Richmond Township is a township in Winona County, Minnesota, United States. The population was 699 at the 2010 census.

Richmond Township was organized in 1858, and named for a French settler.

==Geography==
According to the United States Census Bureau, the township has a total area of 18.6 sqmi; 16.2 sqmi is land and 2.4 sqmi, or 13.04%, is water.

==Demographics==
At the 2000 census, there were 729 people, 278 households and 207 families residing in the township. The population density was 45.0 PD/sqmi. There were 314 housing units at an average density of 21.4/sq mi (7.5/km^{2}). The racial makeup of the township was 98.77% White, 0.41% Asian, 0.27% from other races, and 0.55% from two or more races. Hispanic or Latino of any race were 0.27% of the population.
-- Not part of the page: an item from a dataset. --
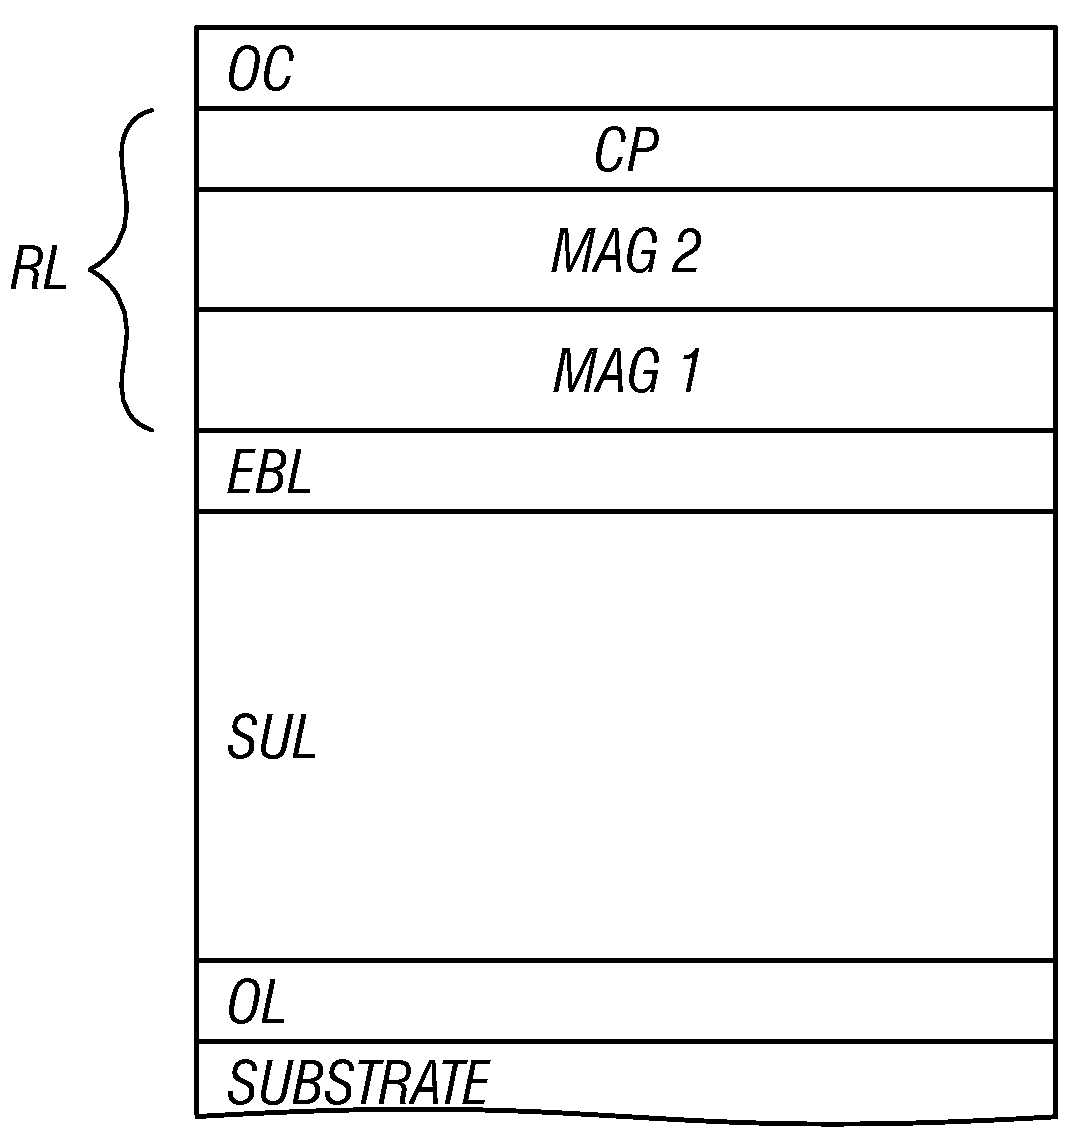 Perpendicular magnetic recording medium with multilayer recording structure including intergranular exchange enhancement layer

There were 278 households, of which 36.3% had children under the age of 18 living with them, 68.0% were married couples living together, 3.6% had a female householder with no husband present, and 25.5% were non-families. 19.1% of all households were made up of individuals, and 5.0% had someone living alone who was 65 years of age or older. The average household size was 2.62 and the average family size was 3.05.

26.1% of the population were under the age of 18, 7.0% from 18 to 24, 29.2% from 25 to 44, 28.5% from 45 to 64, and 9.2% who were 65 years of age or older. The median age was 39 years. For every 100 females, there were 98.6 males. For every 100 females age 18 and over, there were 104.2 males.

The median household income was $52,386 and the median family income was $57,596. Males had a median income of $36,094 compared with $24,464 for females. The per capita income was $24,862. About 2.9% of families and 4.4% of the population were below the poverty line, including 4.5% of those under age 18 and 11.1% of those age 65 or over.